Like liquid gold the wheat-field lies,
A marvel of yellow and russet and green,

I find the long "e" sounds that repeat (assonance) very pleasing.

That ripples and runs, that floats and flies,

In this line it is the alliteration of the "r" and the "f". Somehow the sounds of "r" and "f" give a sense of movement, especially the movement of air or something being moved by air.


With the subtle shadows, the change,
the sheen,

Again, it is the alliteration.


That play in the golden hair of a girl, --
A ripple of amber -- a flare
Of light sweeping after -- a curl

In these three lines the repetition of the "r" sound and the location of the rhythms give them an interesting movement - kind of the way sunlight moves around due to the movement of clouds or just the way an object in motion will catch the light.

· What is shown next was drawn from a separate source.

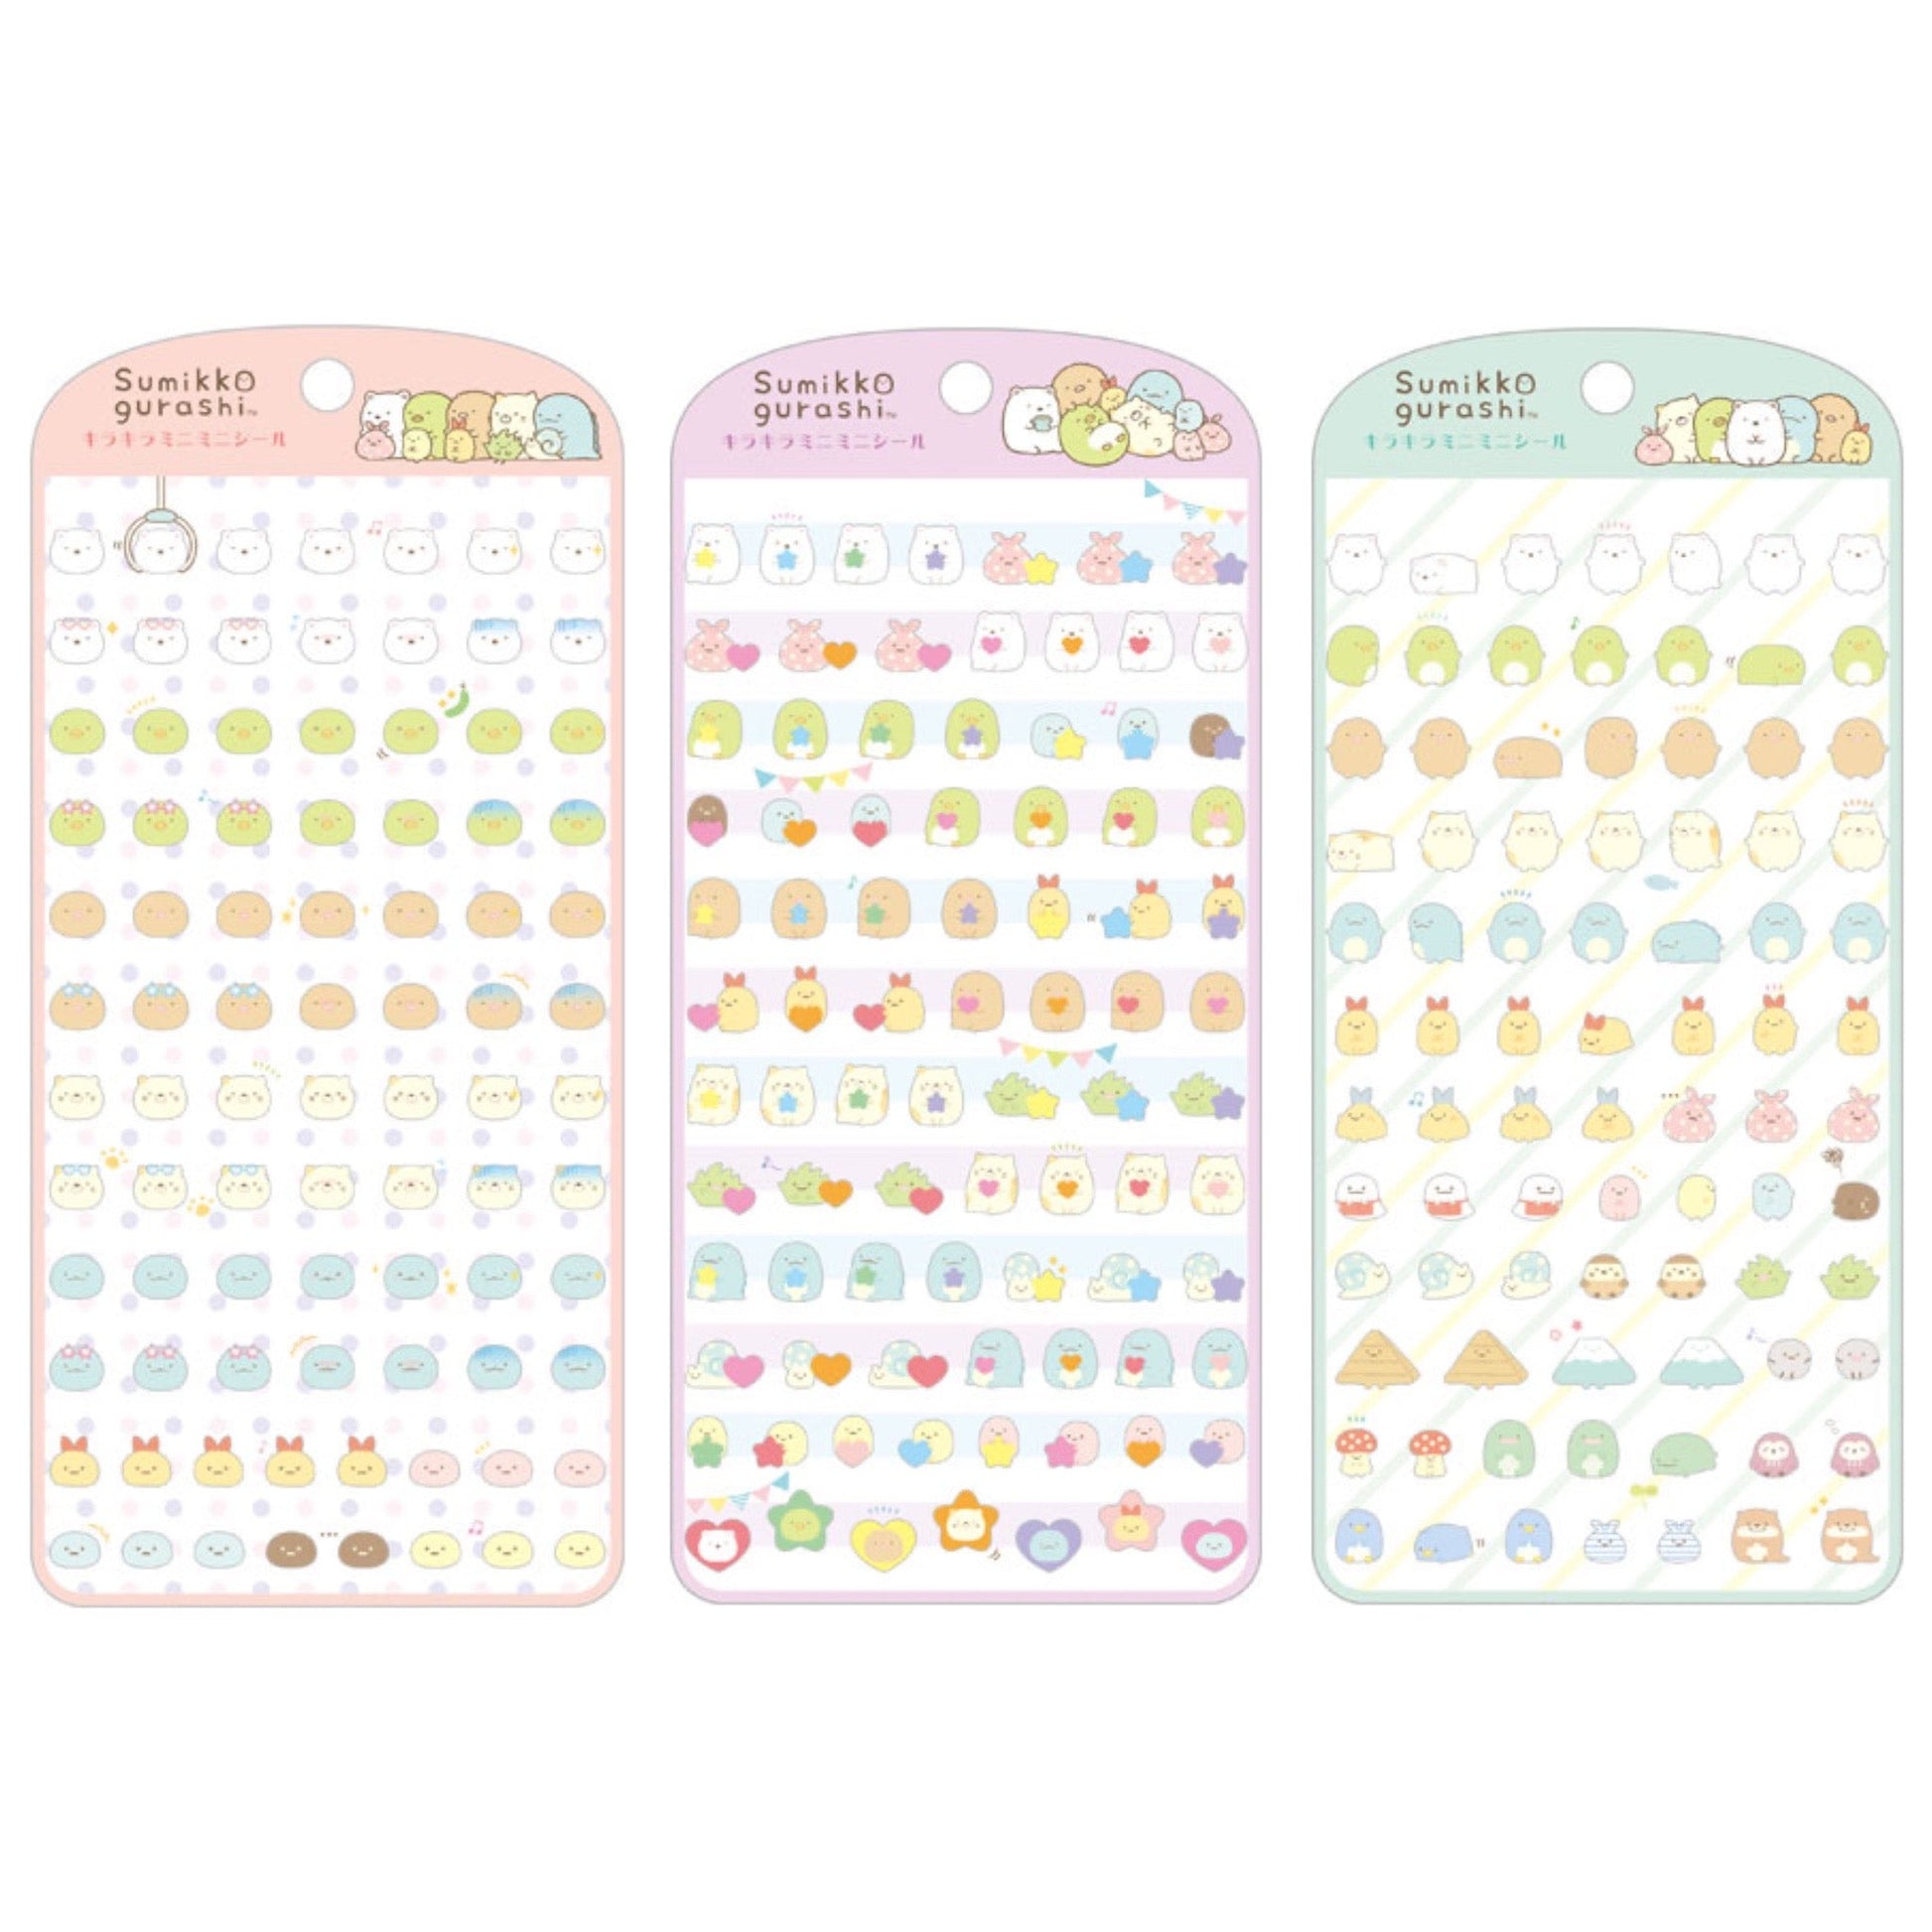 Sumikko Gurashi "KiraKira" Mini Sticker Sheet - Rosey’s Kawaii Shop

In the hollows like a swirling feet
Of fairy waltzers, the colors run
To the western sun
Through the deeps of
the ripening wheat.


And the poem winds up by winding down; literally the lines get shorter and shorter. The rhyme of the first and last lines of stanza pull the poem, as well as the day, to a close.


_________________
" How we eat determines, to a considerable extent, how the world is used." - Wendell Berry, What Are People For?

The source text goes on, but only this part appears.